Anyways this guy went through every major implementation of Keynesian policies in the past century. Disabusing me of a long held belief, he showed that the economy under FDR (a big proponent of Keynes) did not improve from the failed era of Hoover, his predecessor. Even at the end of the 1930s, the economy had yet to recover from the crash of 1929. We must therefore attribute the economic turnaround to WWII. 

After sharing some other examples demonstrating his eery and esoteric historical acumen, including the ill fated Japanese Keynesian experiment in the 90s, this guy showed his true colors when he dropped a concluding bomb out of the blue, "the government isn't the solution to the problem, its the cause of the problem."

What? Hold on for second. I, just having taken statistics, with the "3 elements of causal inference" ingrained into my being, recognized immediately that this man had done a terrible job of proving causality. 

His point about Keynesian economics having an overblown historic legacy was well taken. But it is difficult to jump from this to the conclusion that we ought to not allow the government to intervene into the economy. 

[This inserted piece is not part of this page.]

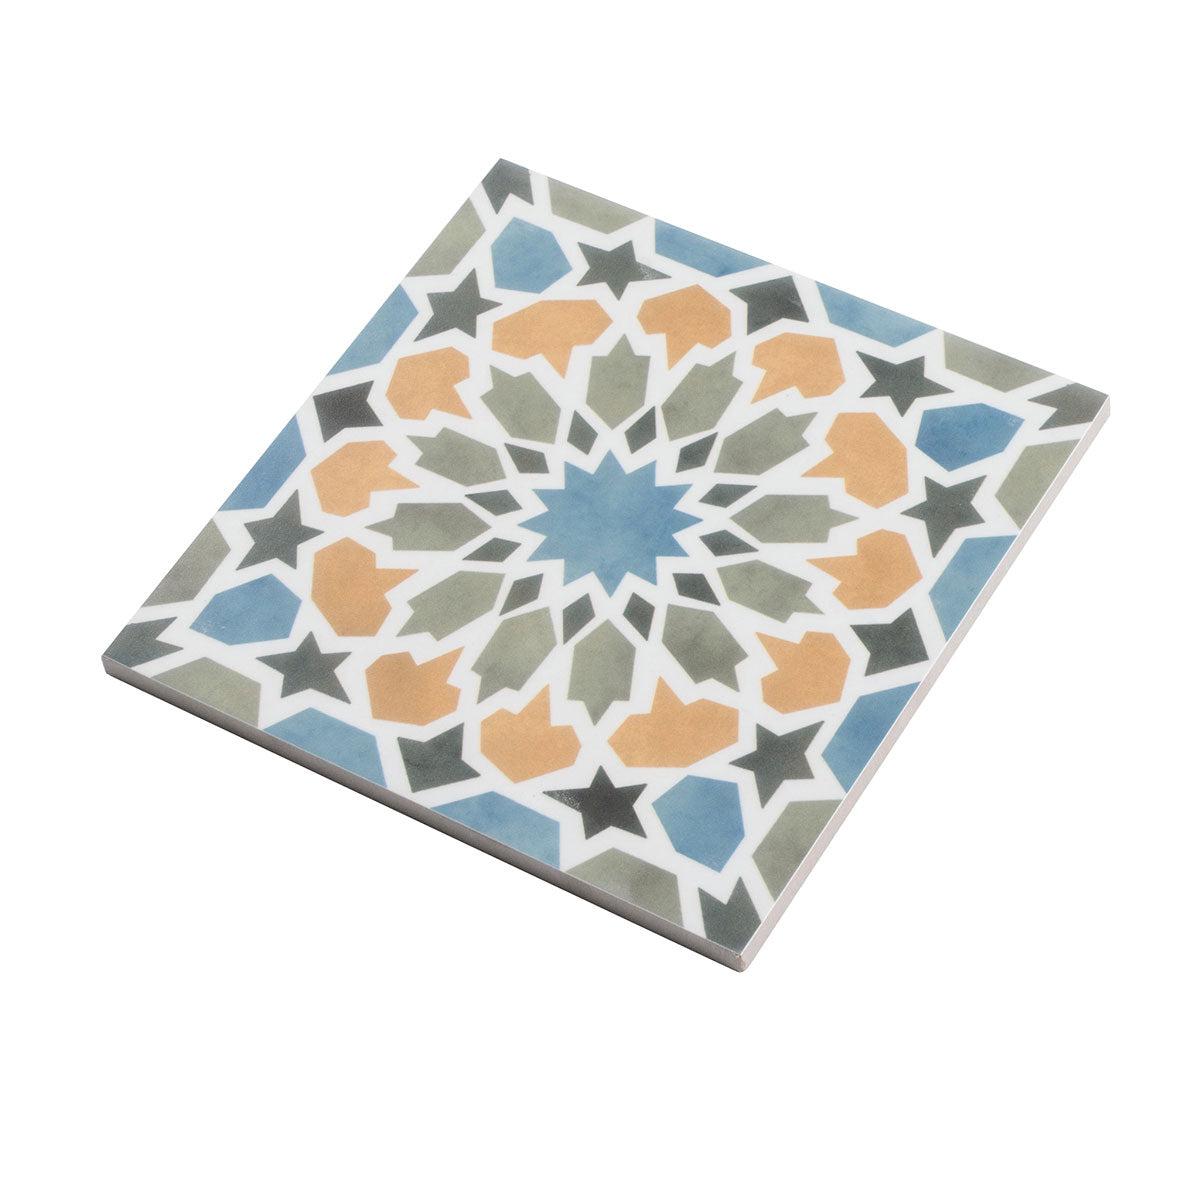 Amira Multicolor Patterned Porcelain Tile

The under-performance of Keynesian reforms does not mean the government has no place in the economy. A more reasonable conclusion would have been to discredit Keynesian policy itself --which is importantly (but apparently for some people, not obviously) just one type of government-driven fiscal policy. Ultimately this expert failed to consider the full gamut of known and yet-to-be-discovered economic policies involving governmental intervention that might prove to be an effective catalyst of economic growth. 

In these twisted and fearful times, (in addition to laying off of grandfather's hooch when loaded weapons are within reach) we ought t0 not let historical examples condition our considered response. While yes, we must learn from history, we also should recognize the uniqueness of this situation and be open to any solution with the promise of working. But by declaring "the government is the problem," this expert was unknowingly letting his CATO colleagues contaminate his cerebrum, and shutting the door on a slew of policies that -- like WWII in the '40s -- might prove to be the economic defibrillator we need. 

Wednesday, December 17, 2008

Adding Permanence to Policy

This months Harper's features a report by Nobel-winning economist Joe Stiglitz on the deep and gloomy fiscal ditch this administration has dug for our country. If I could sum up the article with one simple, curt quip, it would be this: things do not look good.

It is difficult to take this inauspicious financial forecast lightly. Stiglitz has one of the world's best minds on this subject, and was surprisingly overlooked as an Obama cabinet appointee (as lamented by many liberal bloggers).

While reading his analysis I could not help but notice an underlying problem with the way fiscal policy is implemented in this country. A product of our rotating democratic system, we cannot help but have mutant policies-- grotesquely different than their original form-- persist throughout consecutive administrations . The brain child of President A will -- regardless of how "good" of an idea it is-- never make it through to President B without at least some minor tweakings. I believe it is this tweaking that is partially to blame for the current financial mess.

Stiglitz mentions that research exists revealing the unfortunate fact that if Clinton's fiscal policies had continued on to this current day, we would be facing a much more managable crisis. But they didn't. Incoming administration wonks had the green light to take a perfectly reasonable set of policies-- policies which are largely responsible for the fiscal (and therefore overall) health of our society, re-work them in accordance with their own ideological preferences, and undermine gains previously made.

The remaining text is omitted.